Human Papillomavirus (HPV) Vaccination

Human papillomavirus (HPV) can cause six different kinds of cancer—including cervical and oropharyngeal. The HPV vaccine, however, can prevent more than 90% of the cancers caused by HPV—an estimated 33,700 cases every year—from ever developing and save thousands of lives.

The HPV vaccine is recommended for routine vaccination at ages 11 or 12 years old; it can be administered to children as young as nine years old, and catch-up HPV vaccination is recommended for all people through 26 years of age. For adults older than 26 years, vaccination is not recommended for everyone. Adults 27 to 45 years of age may receive the vaccine after discussing it with their health care provider1, particularly if they did not get adequately vaccinated when they were younger. Generally, HPV vaccination of people 27 to 45 years of age provides less benefit, often due to the fact people in this age range have already been exposed to HPV.2

Vaccination started before age 14 has been found to be most effective, and only requires two doses. A two-dose schedule is recommended for those who receive their first dose before their 15th birthday, while a three-dose schedule is recommended for people who receive their first dose after their 15th birthday and/or live with certain conditions that compromise the immune system.3

Increasing HPV vaccination of adolescents continues to be a top priority. Healthy People 2030 set the goal that 80% of adolescents be vaccinated for HPV. Currently, only 58.5% of adolescents across the nation have been vaccinated and are fully protected.

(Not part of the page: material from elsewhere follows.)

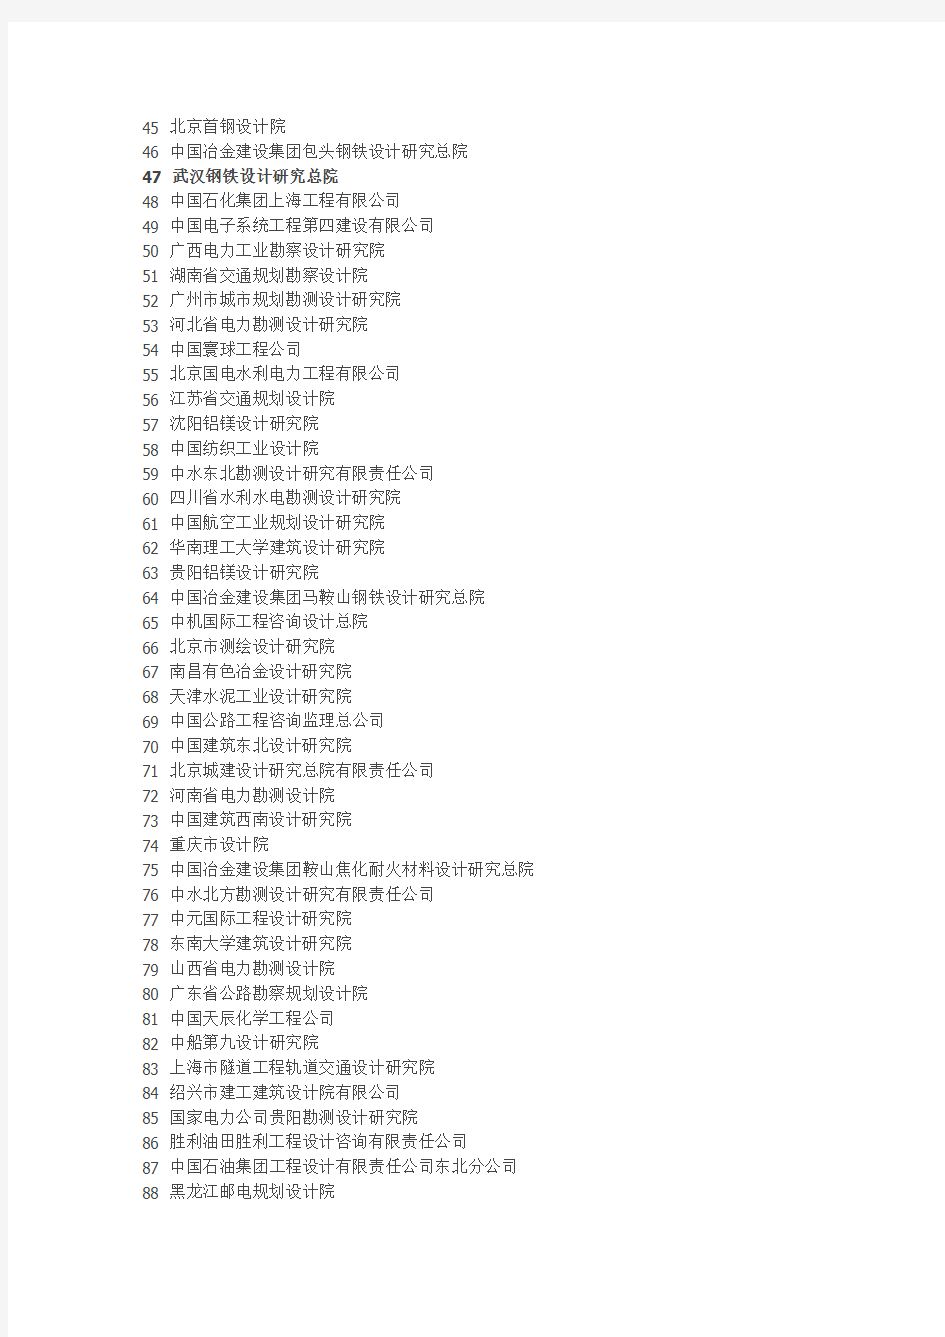 中国建筑设计院详细名单.

1 https://www.cdc.gov/vaccines/hcp/admin/downloads/ISD-job-aid-SCDM-HPV-shared-clinical-decision-making-HPV.pdf

2 https://www.cdc.gov/vaccines/vpd/hpv/hcp/recommendations.html

3  https://www.cdc.gov/hpv/hcp/schedules-recommendations.html

Illustration of a woman sitting on an exam table in a doctor's office.

This toolkit describes three approaches to increasing HPV vaccination—especially among adolescents— at a Title X-funded family planning site. Family planning sites can increase HPV vaccination by:

  1. Adding HPV vaccination to existing services
  2. Increasing the number of clients (especially adolescents) receiving the HPV vaccine
  3. Increasing and improving referrals for vaccination off-site

These approaches, along with suggested action steps and supportive resources, are described below. Tools and resources in this toolkit should be used in relation to your site’s needs and priorities.

The most direct way for a family planning site to increase HPV vaccination rates is to offer the vaccine. This approach includes first conducting background research into the site’s state rules, regulations, and third-party payer coverage of the vaccine. With this information, a site will be able to better determine the financial implications of adding HPV vaccination to existing services.

Strategy 1: Conduct research and understand regulatory context in which vaccines are provided.

Action Steps Supportive Resources

Review state-specific HPV legislation and statutes and school immunization requirements.

Health Insurance Marketplace plans and most other private insurance plans cover the cost of HPV vaccines. Provide free or reduced-fee vaccine services in accordance with Title X Program Expectations on how clients should be charged and with the Vaccines for Children program.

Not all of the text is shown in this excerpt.